-- Dataset content follows --
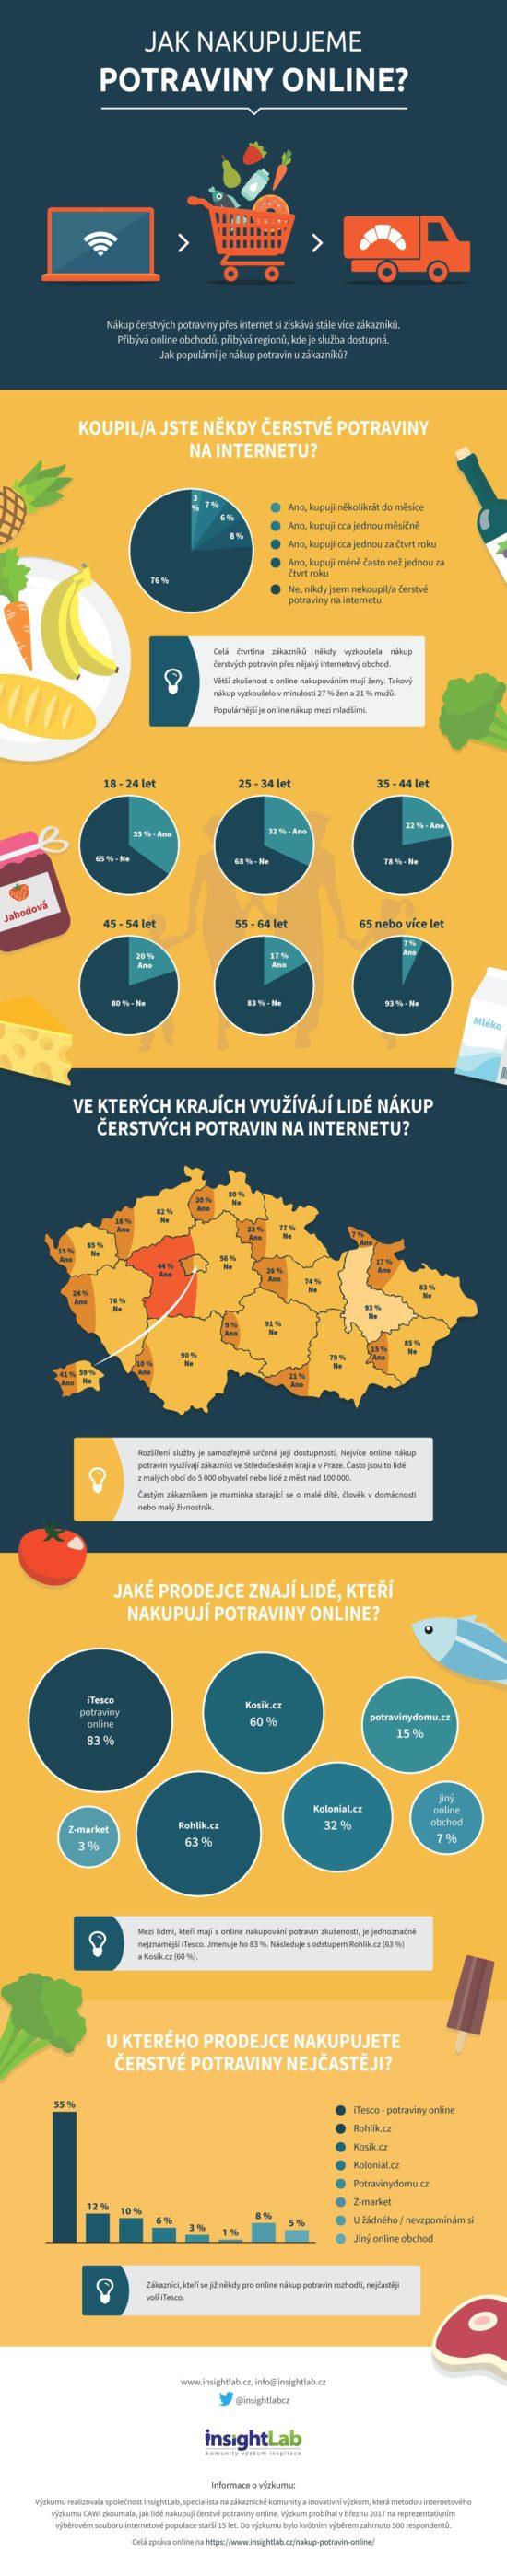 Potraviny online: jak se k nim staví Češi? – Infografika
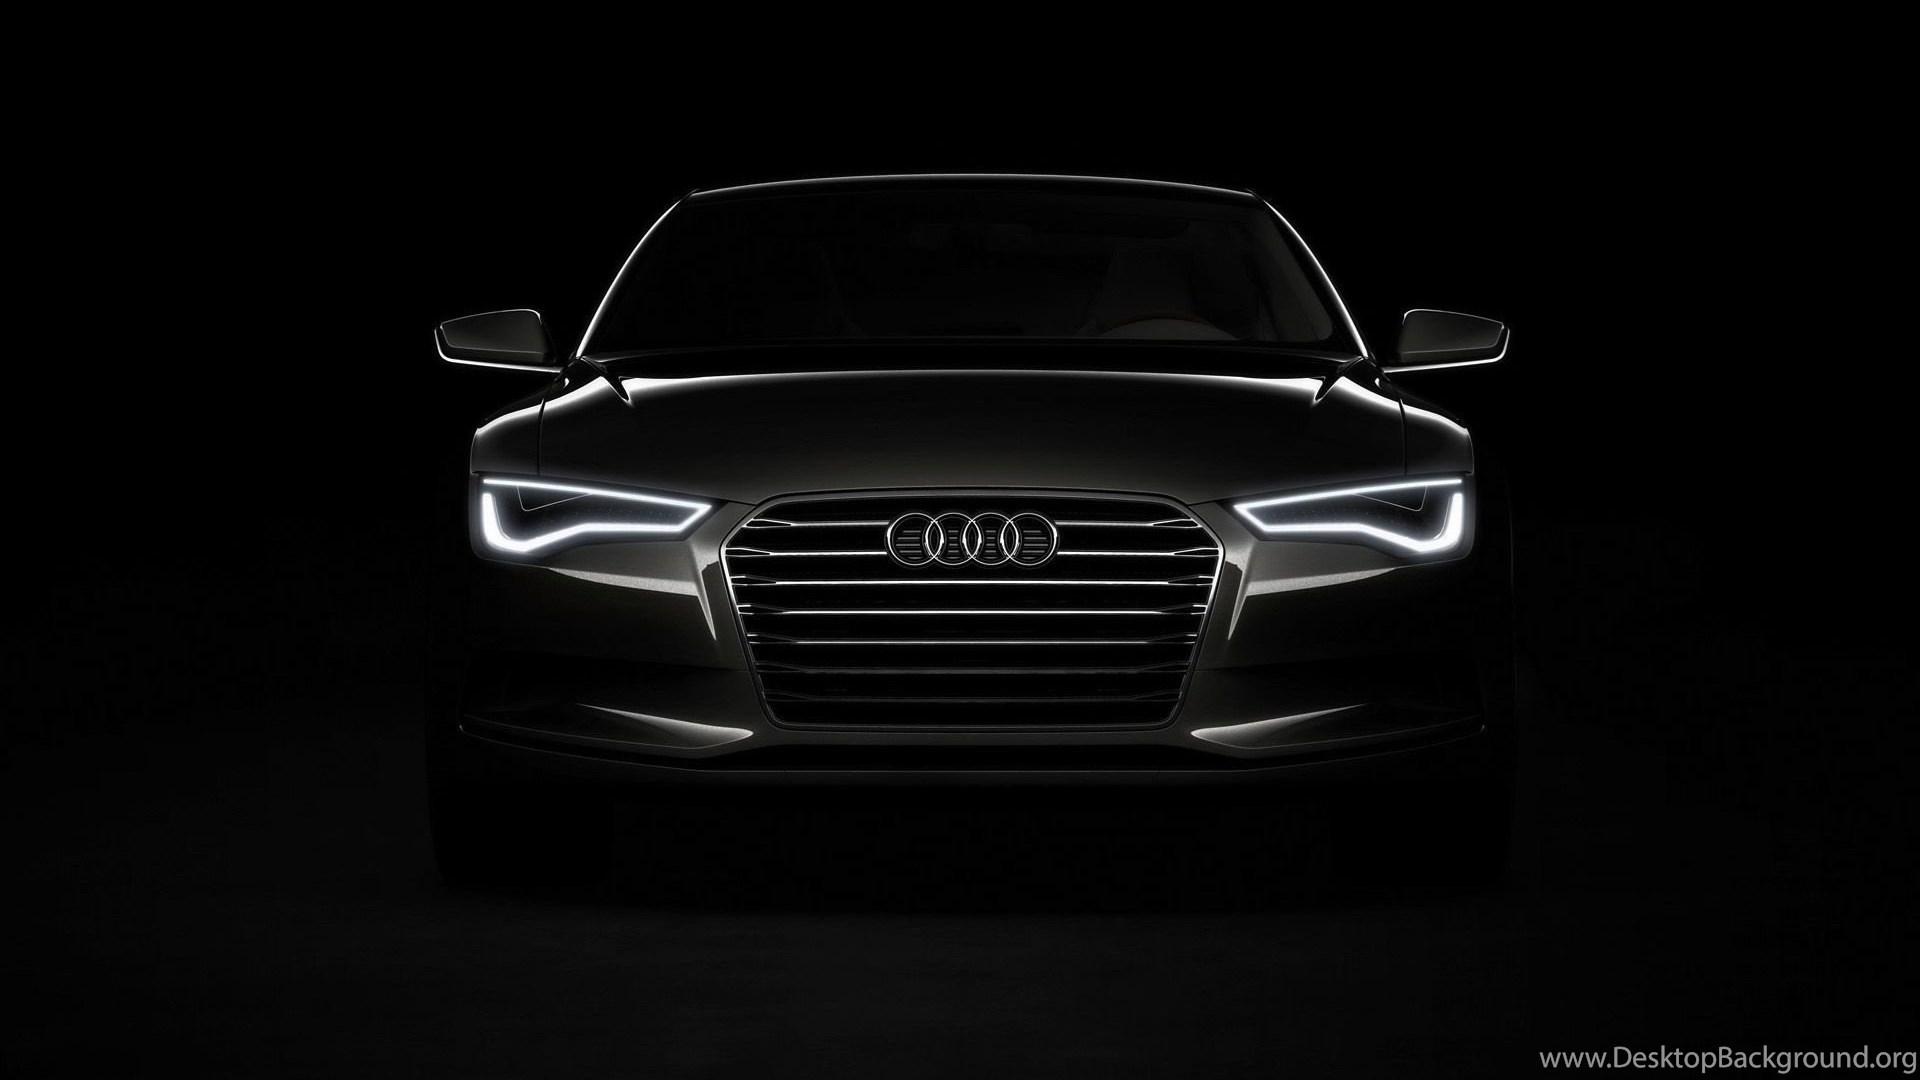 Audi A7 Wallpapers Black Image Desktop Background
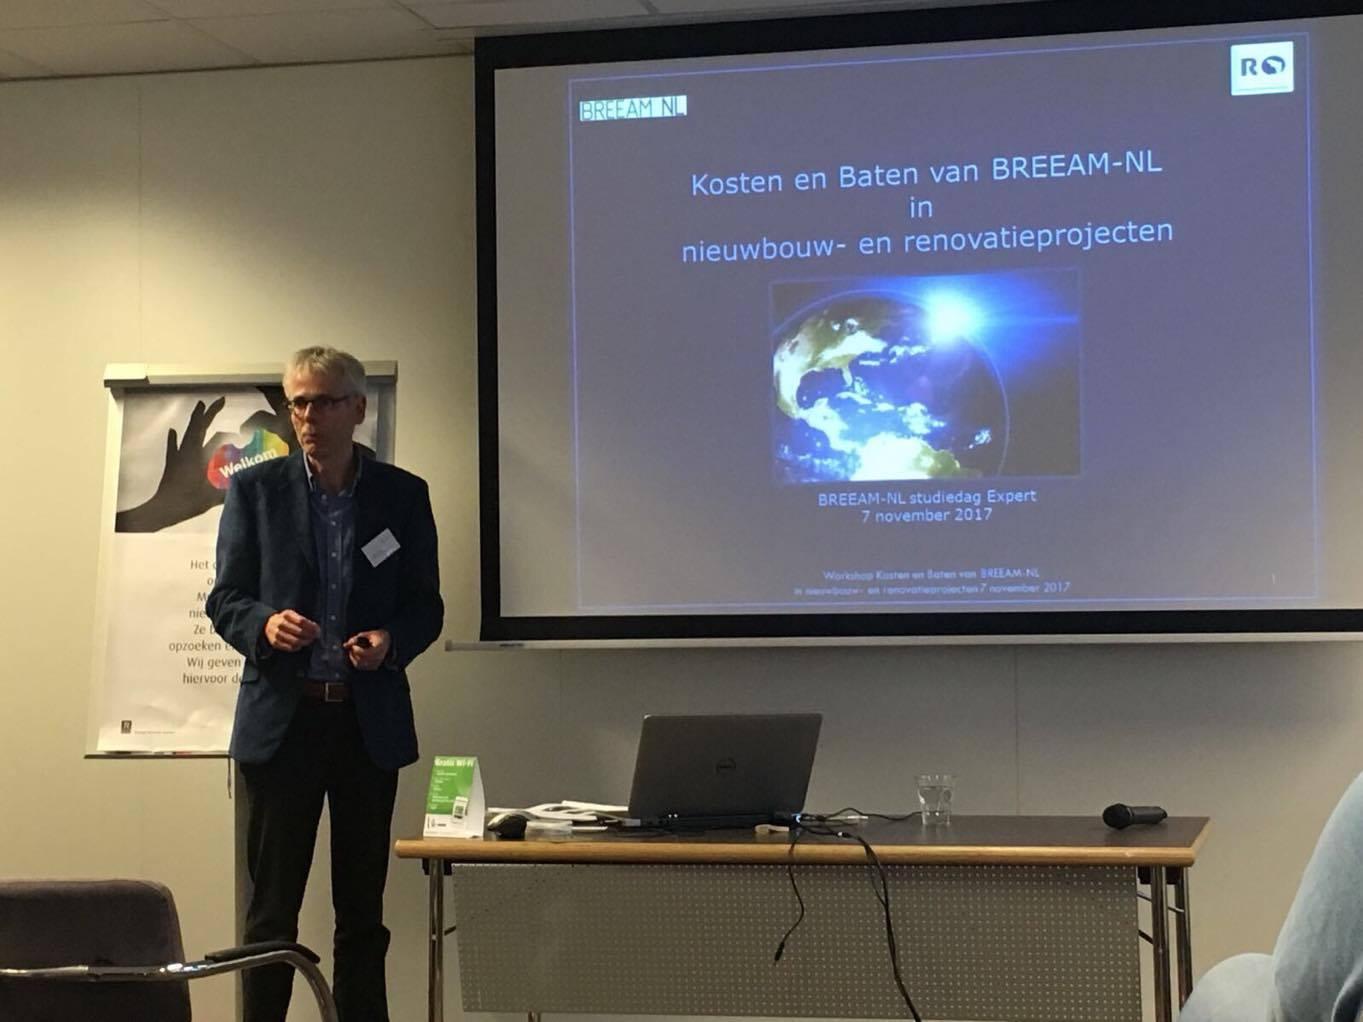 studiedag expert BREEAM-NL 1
-- Dataset content concluded --
-- Dataset content follows --
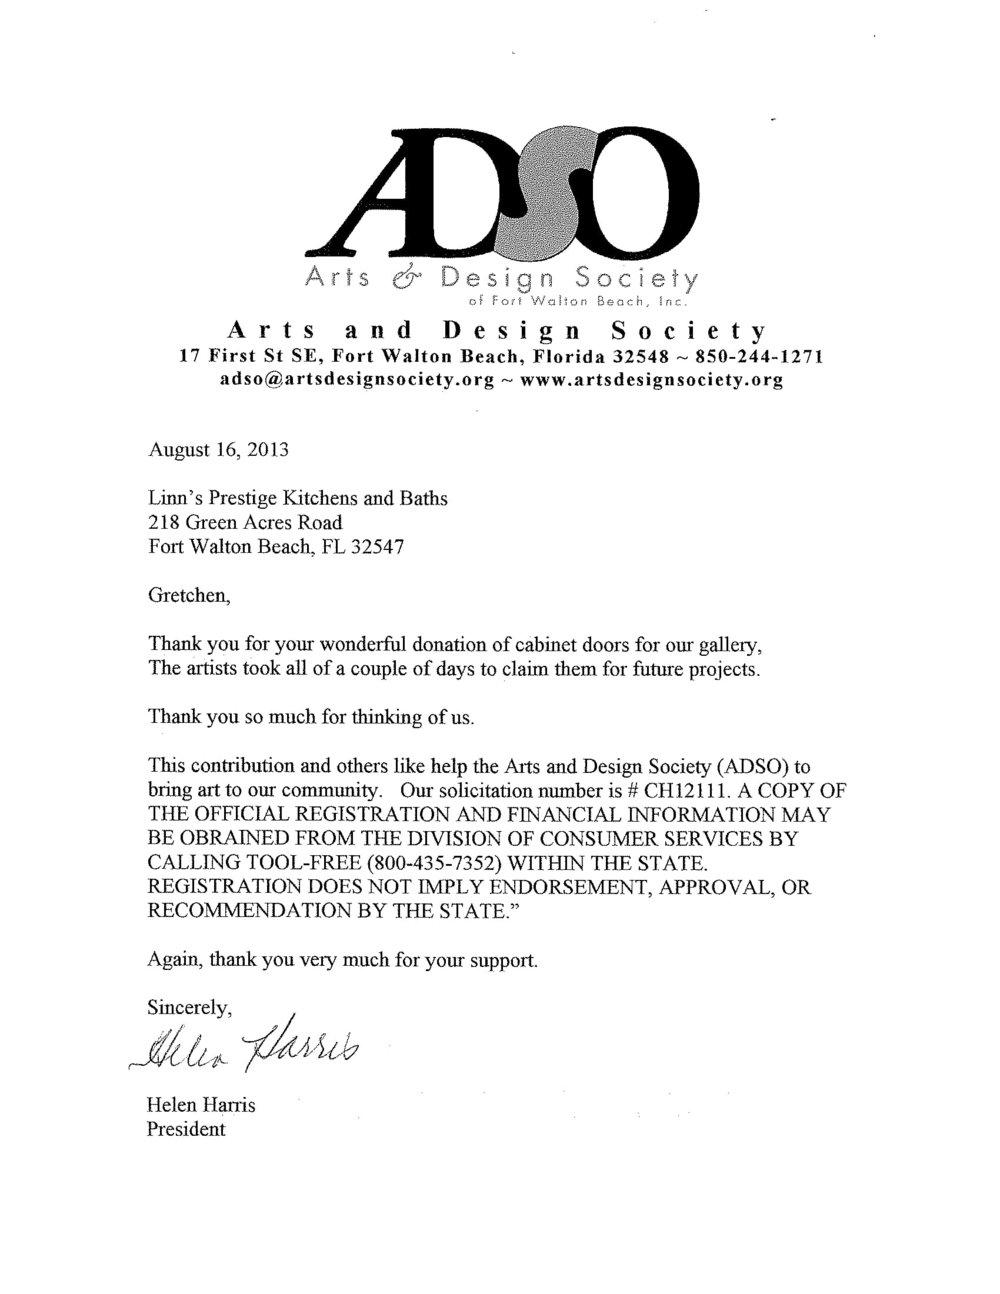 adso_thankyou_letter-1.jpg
-- Dataset content concluded --
-- Dataset content follows --
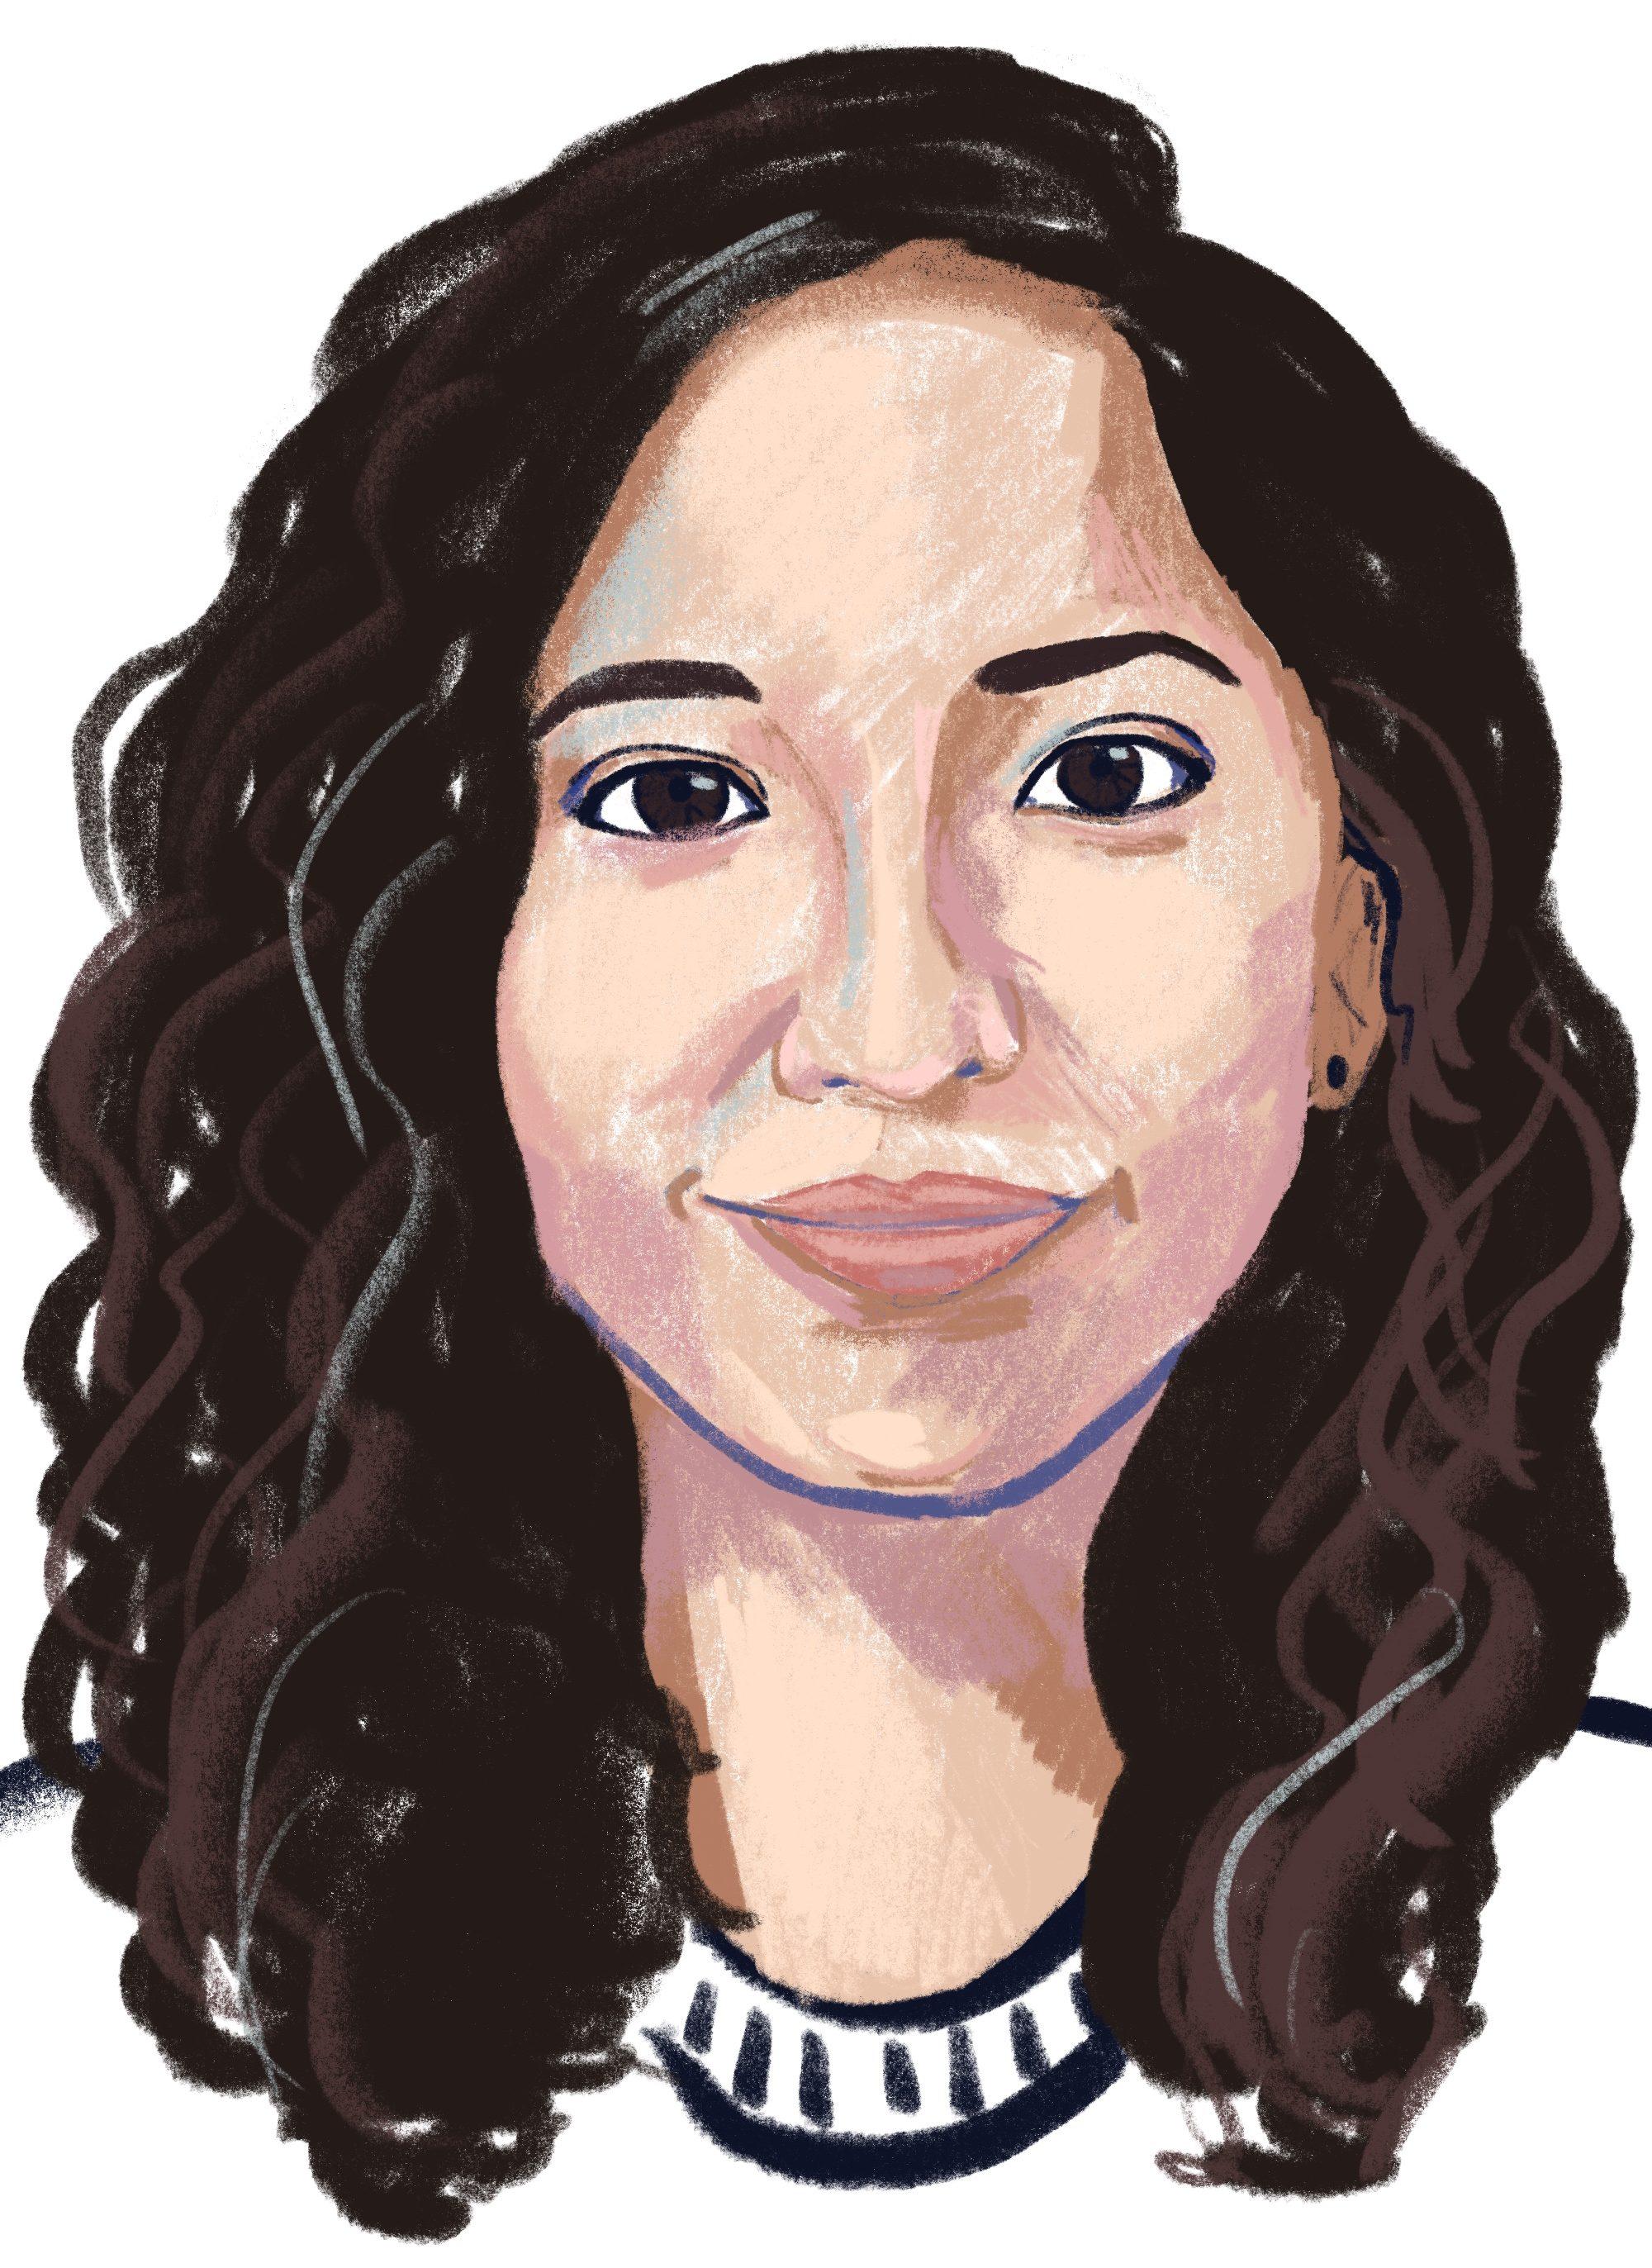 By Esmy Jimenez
-- Dataset content concluded --
Copy the lines above between the one holding "Audi A7 Wallpapers" and the one holding "studiedag expert BREEAM-NL 1", inclusive. Drop the pictures.

 Audi A7 Wallpapers Black Image Desktop Background
 studiedag expert BREEAM-NL 1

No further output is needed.